Information provided:
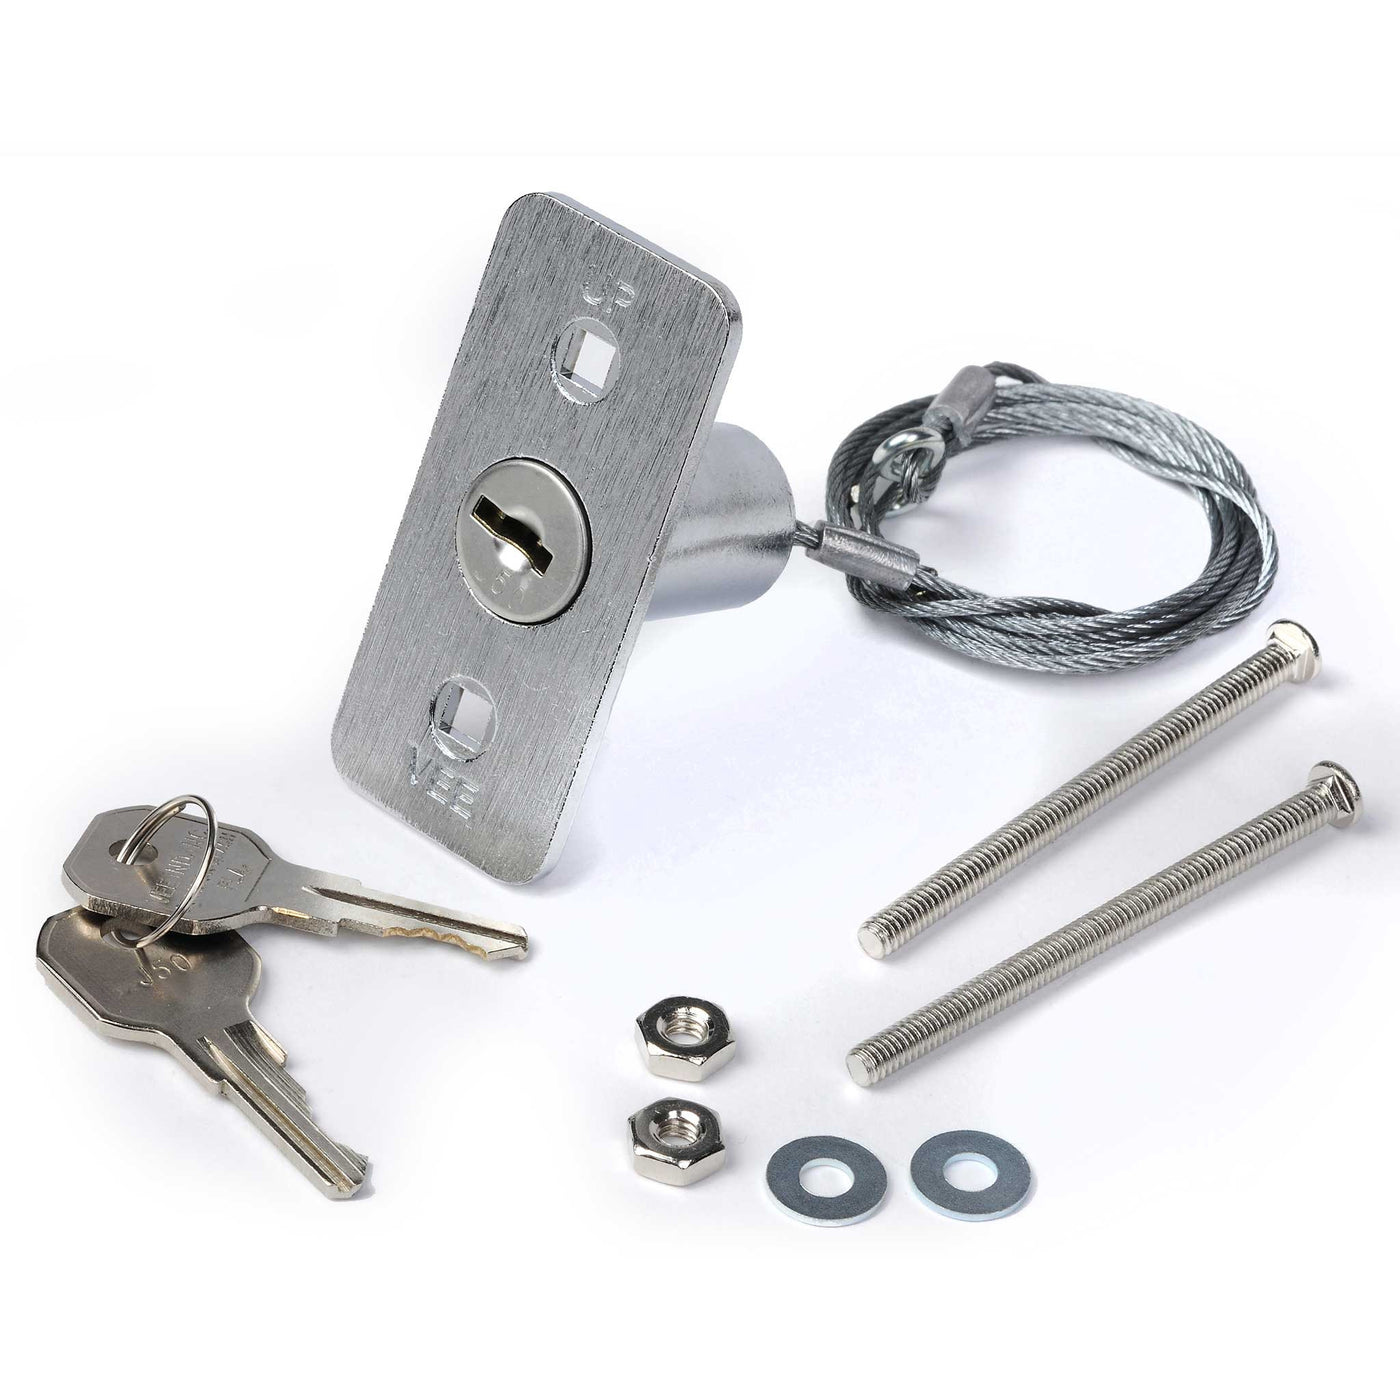 73 Modern How to install garage door emergency key release 
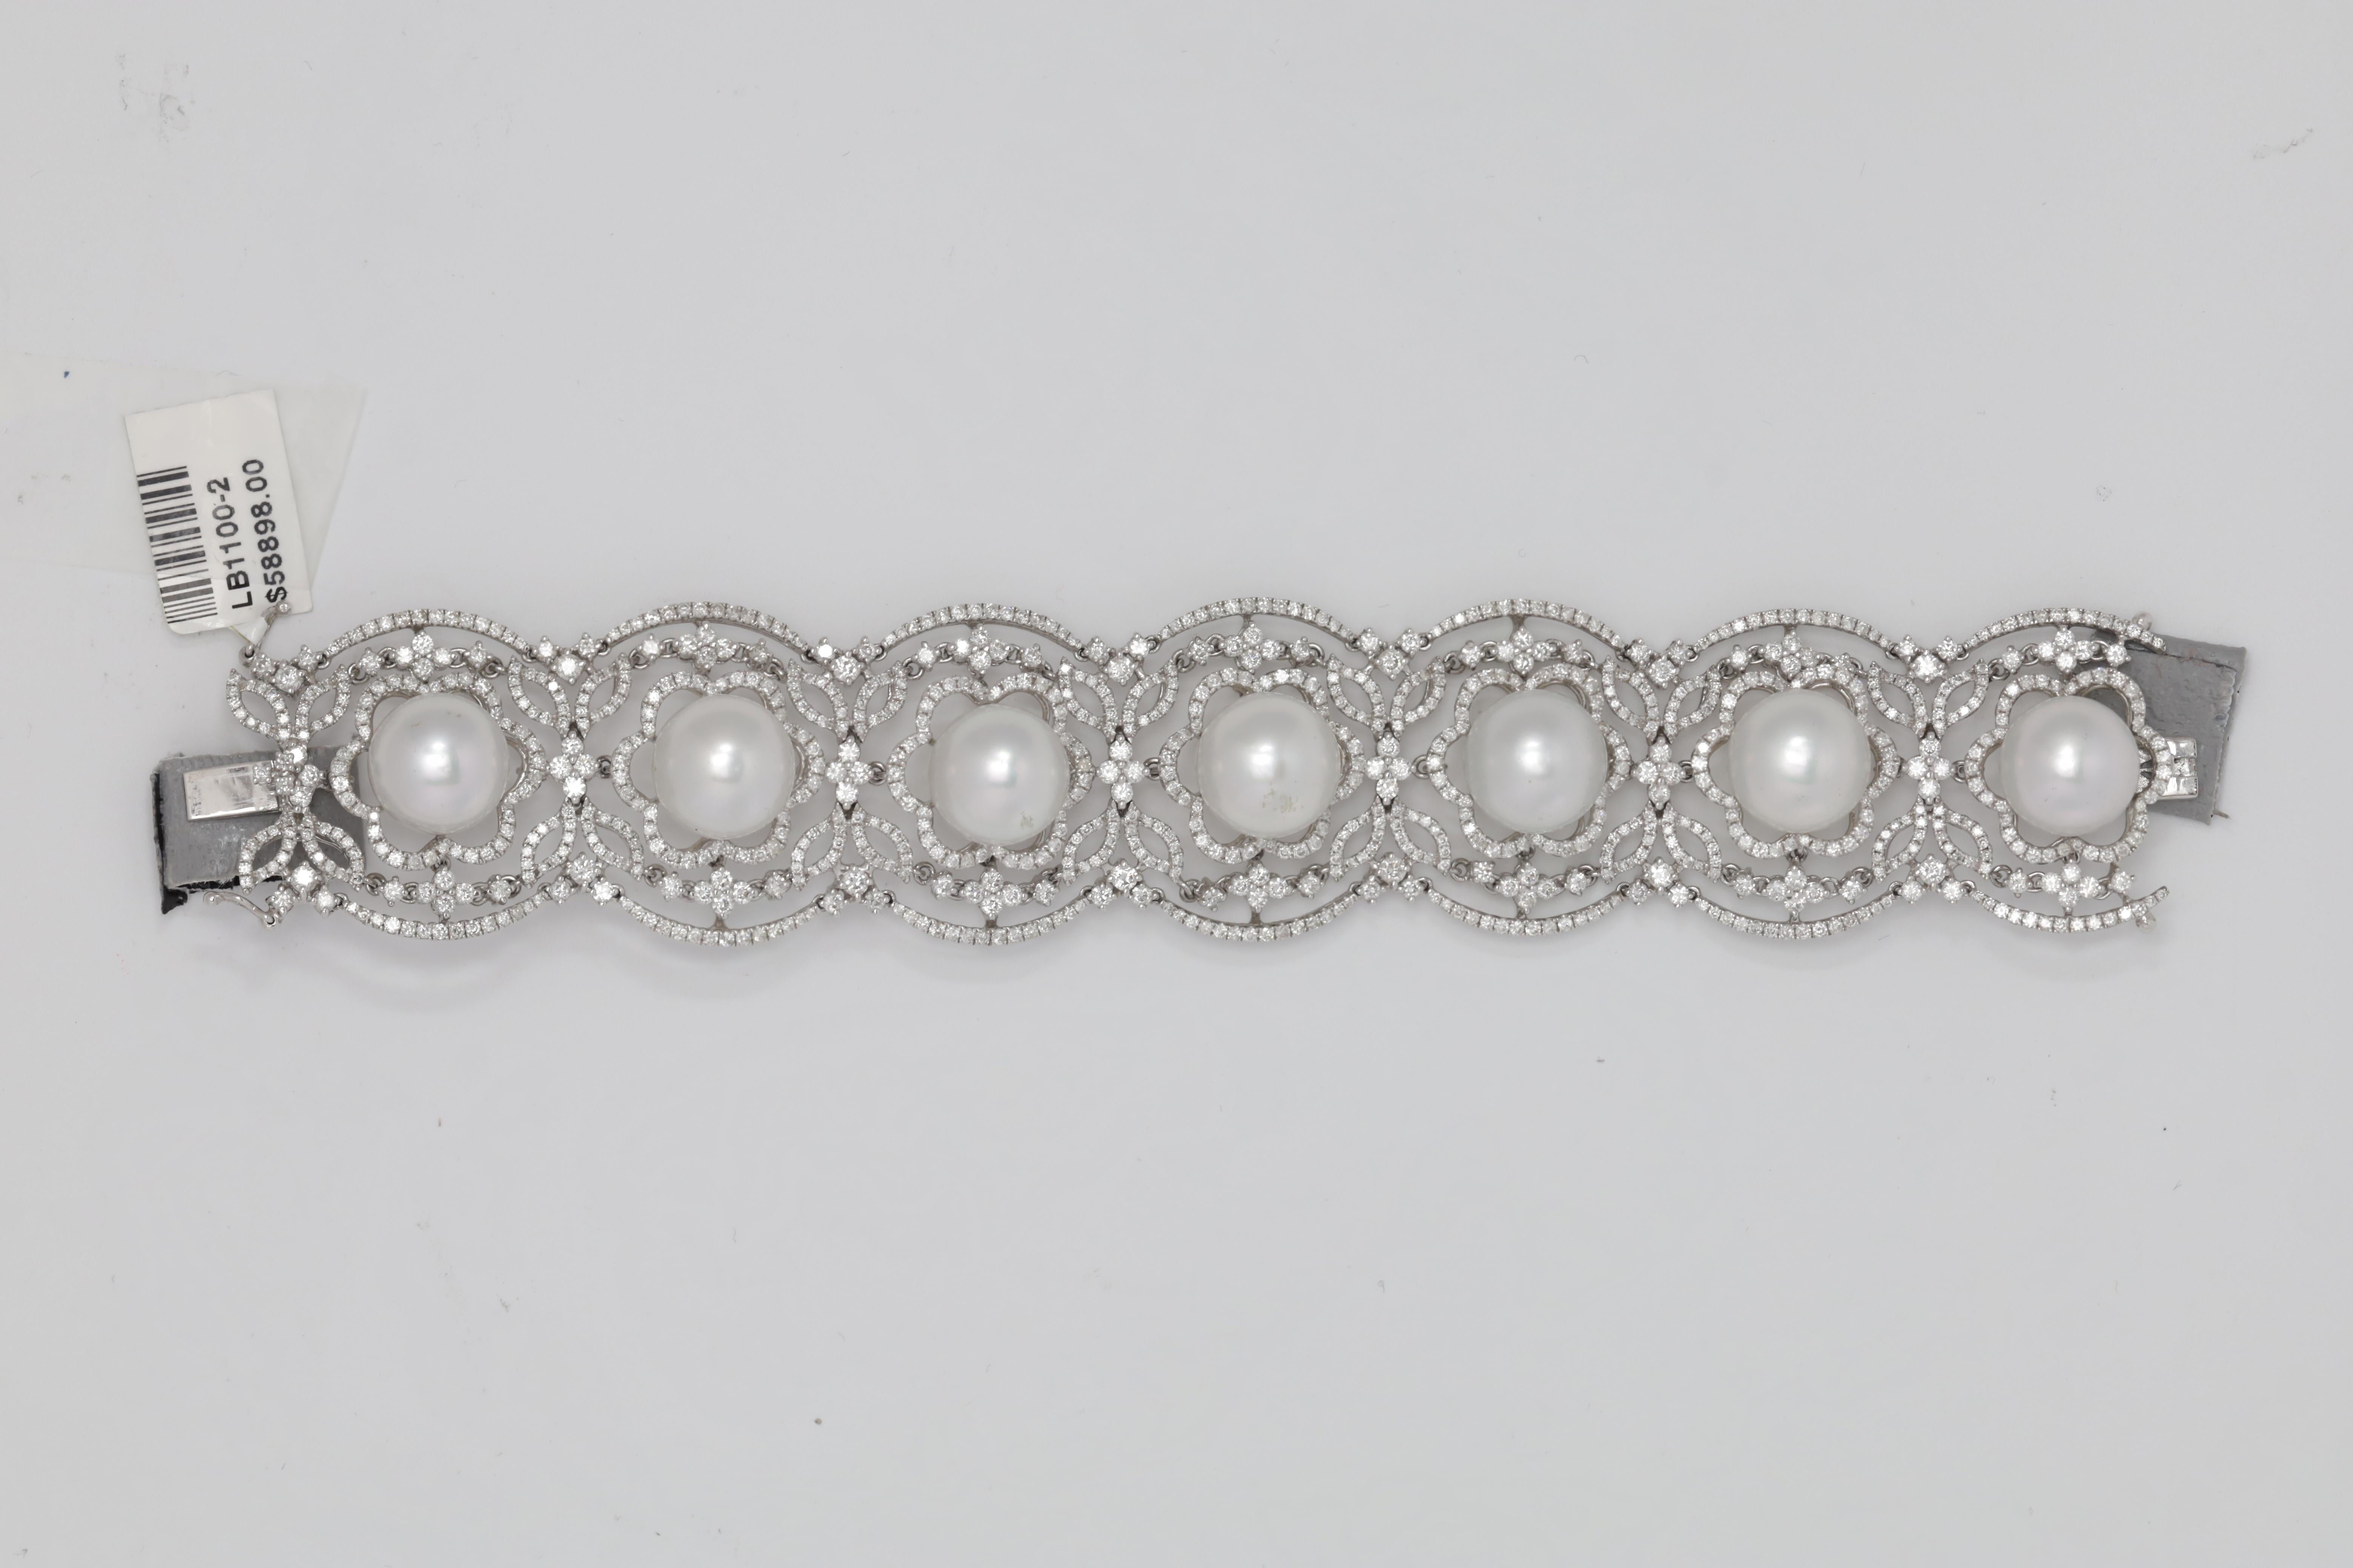 Armband aus 18 k Weißgold mit Diamanten und Perlen, verziert mit 13,5 mm großen Tahiti-Perlen, umgeben von einem Blumendesign mit Diamanten von 12,88 Karat.
Diana M. ist seit über 35 Jahren ein führender Anbieter von hochwertigem Schmuck.
Diana M

Your objective: Make an exact copy of the lines from the one holding "Armband aus 18" through the end of the material, both ends included, and keep the pictures out of it.

Answer:
 Armband aus 18 k Weißgold mit Diamanten und Perlen, verziert mit 13,5 mm großen Tahiti-Perlen, umgeben von einem Blumendesign mit Diamanten von 12,88 Karat.
Diana M. ist seit über 35 Jahren ein führender Anbieter von hochwertigem Schmuck.
Diana M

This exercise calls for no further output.